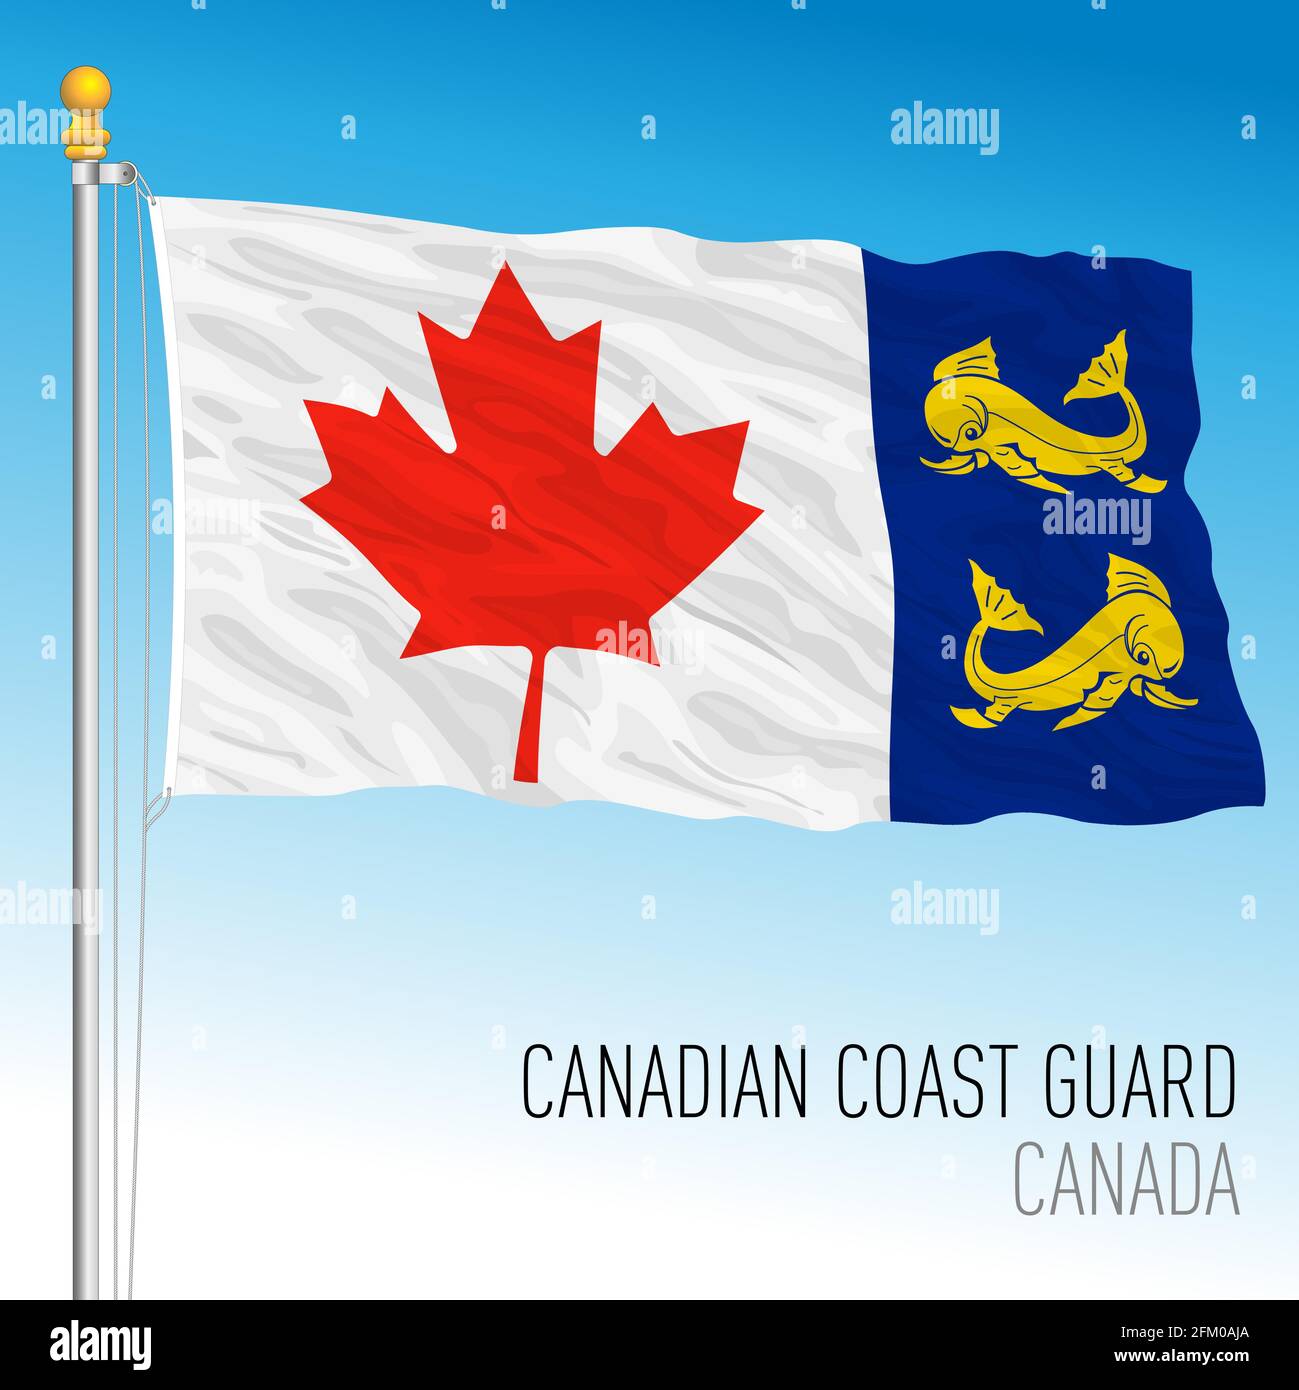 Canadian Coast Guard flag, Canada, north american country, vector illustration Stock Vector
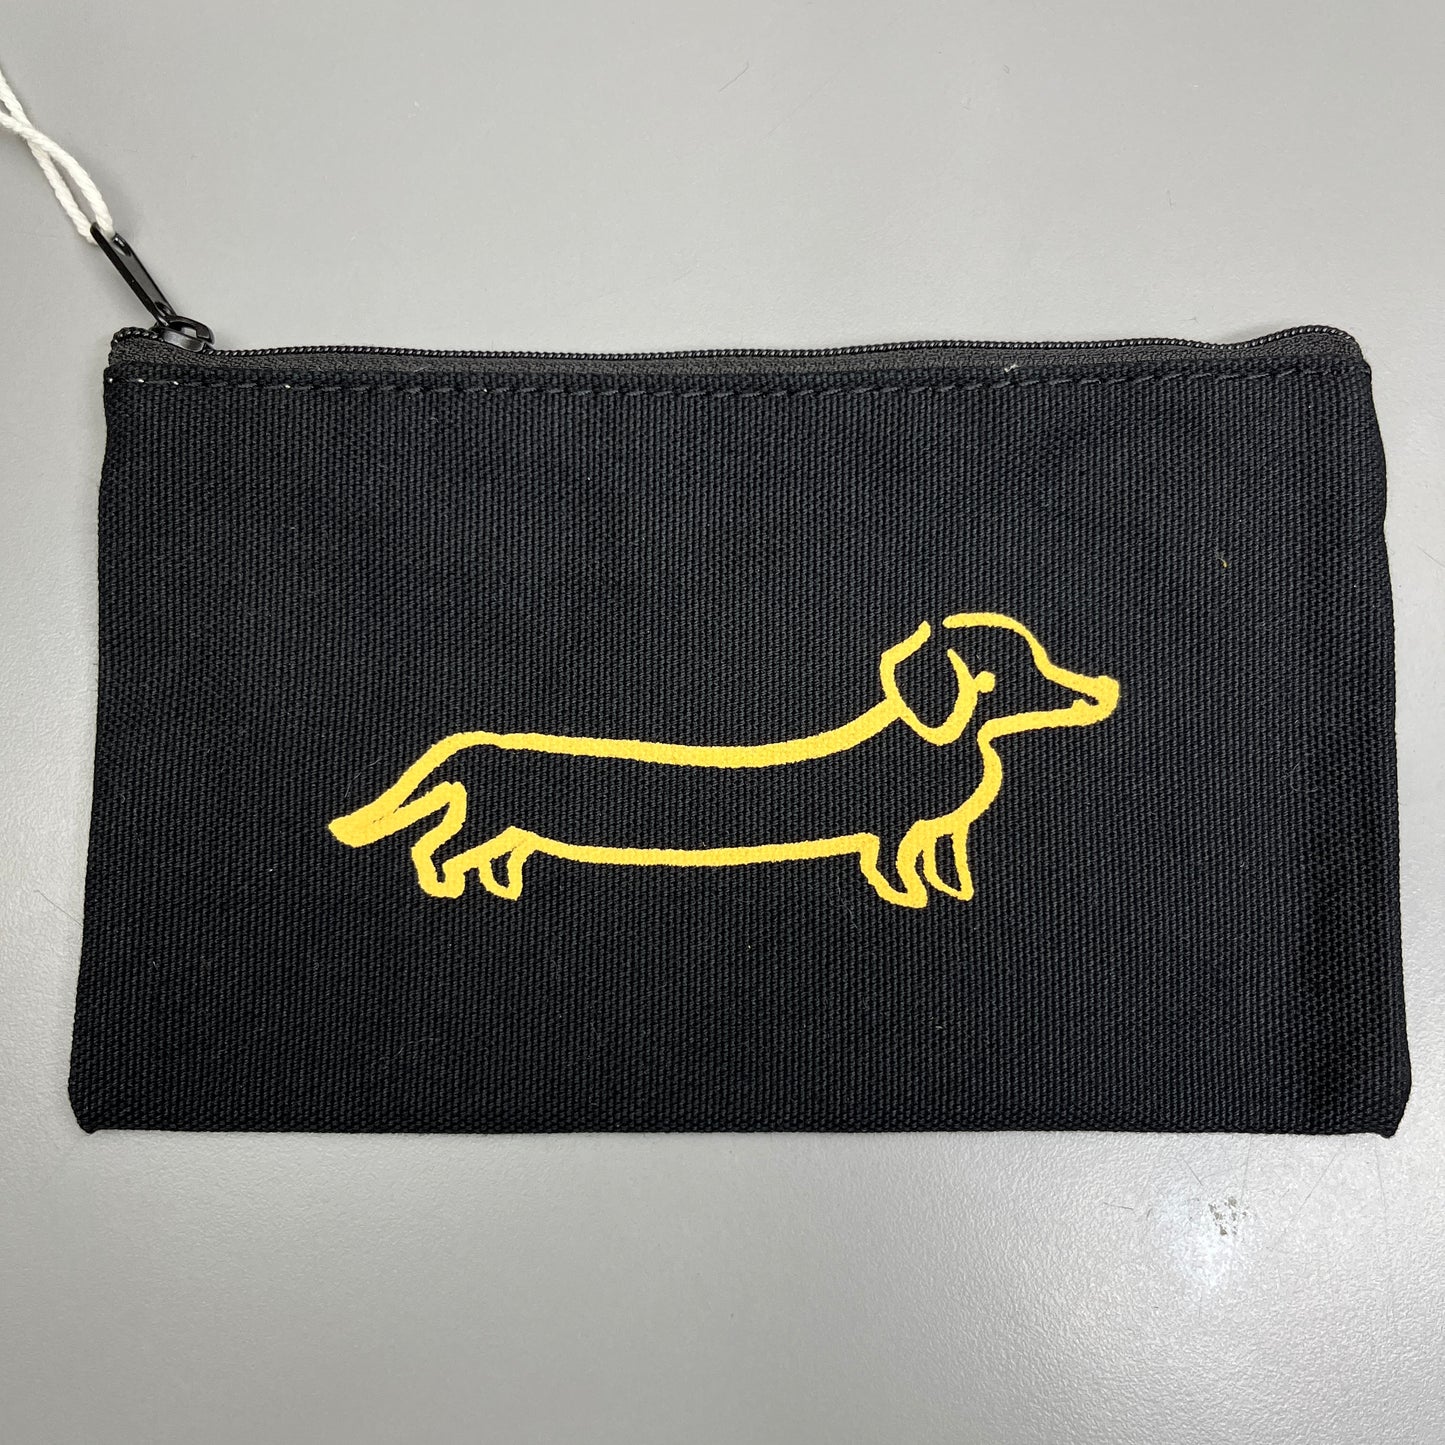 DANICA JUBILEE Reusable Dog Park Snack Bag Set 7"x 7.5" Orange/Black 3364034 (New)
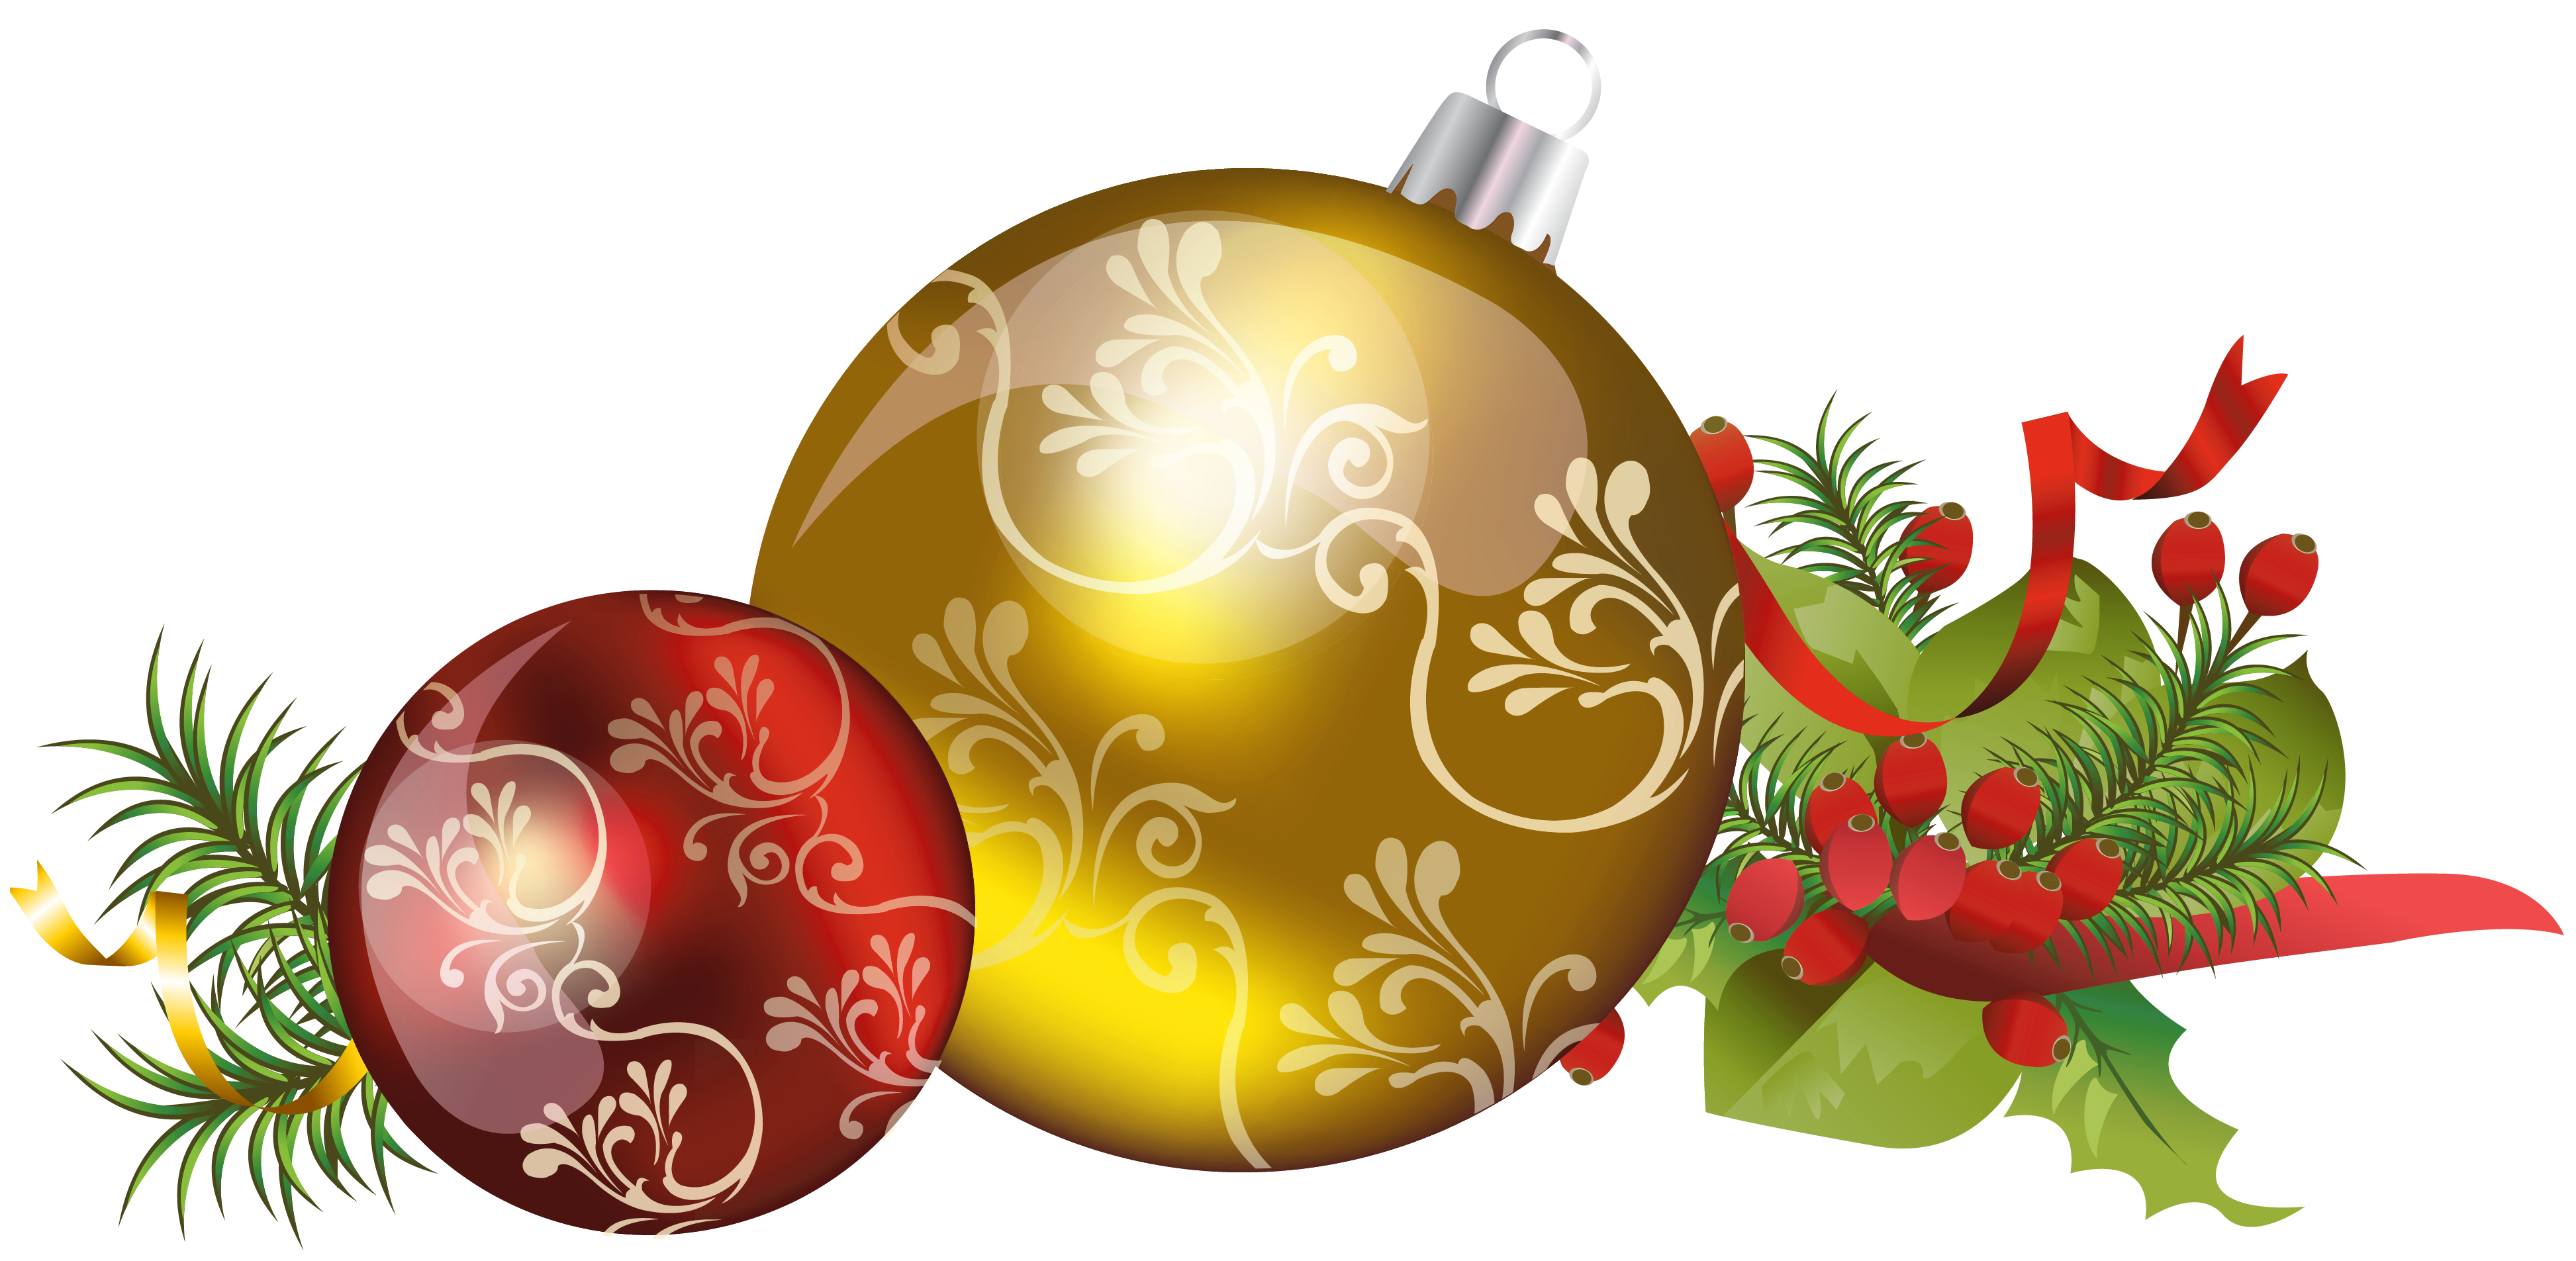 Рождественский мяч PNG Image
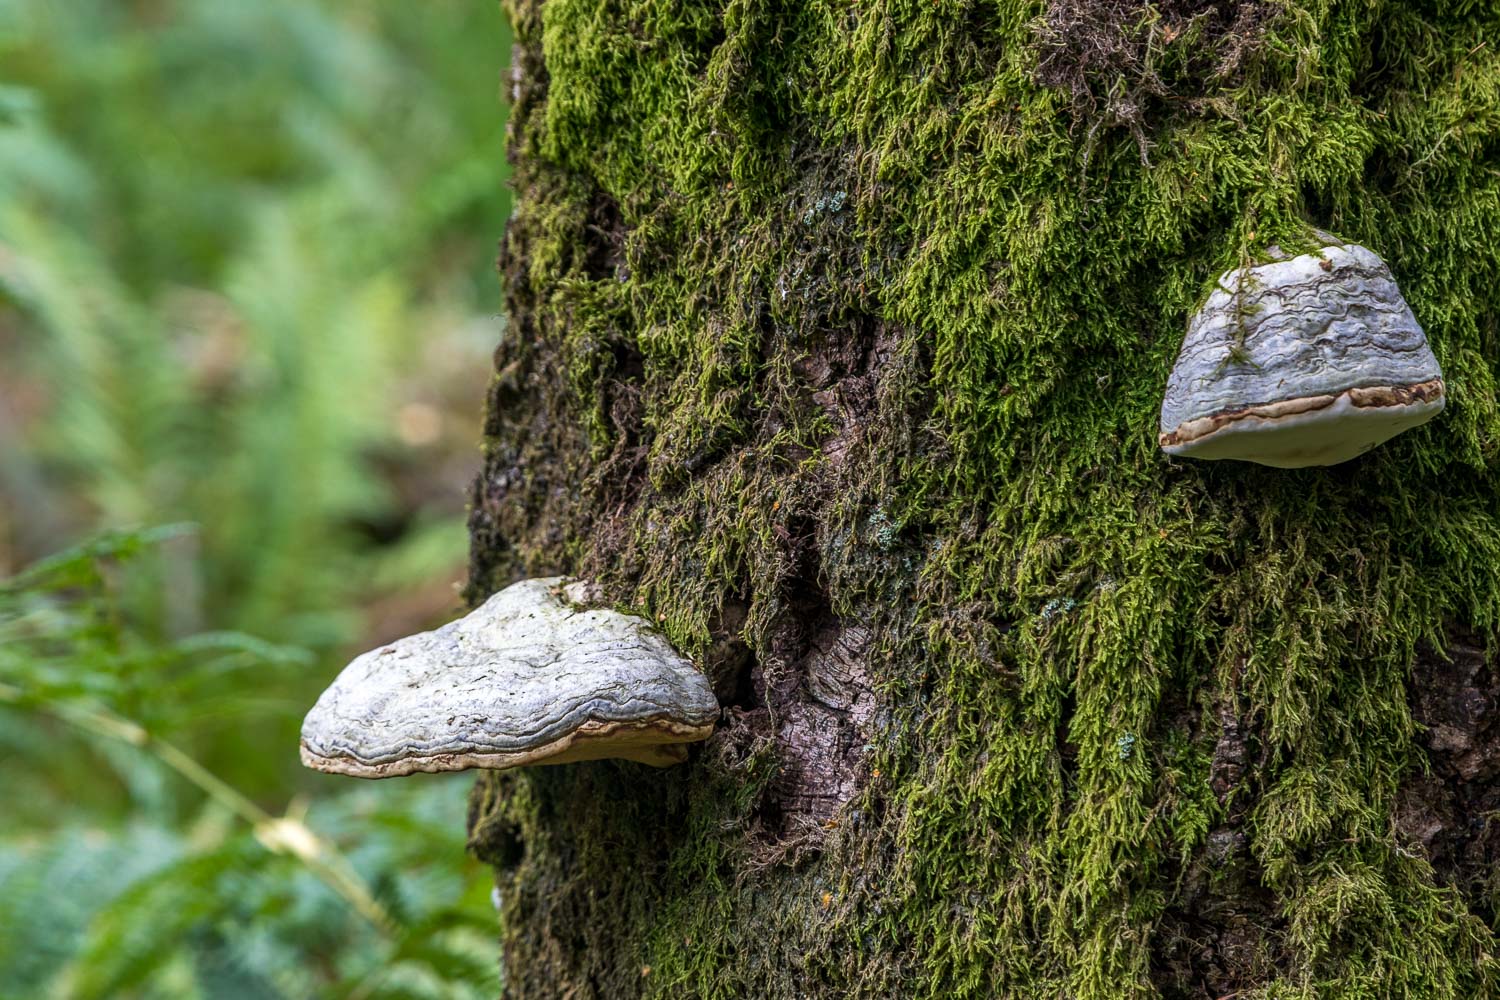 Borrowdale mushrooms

■ ■ ■ ■

## Task to carry out
The lines from the one with "Рождественский мяч PNG Image" to the end of the data above should be retyped exactly, both ends included, and pictures are to be left out.

## Response area
 Рождественский мяч PNG Image
 Borrowdale mushrooms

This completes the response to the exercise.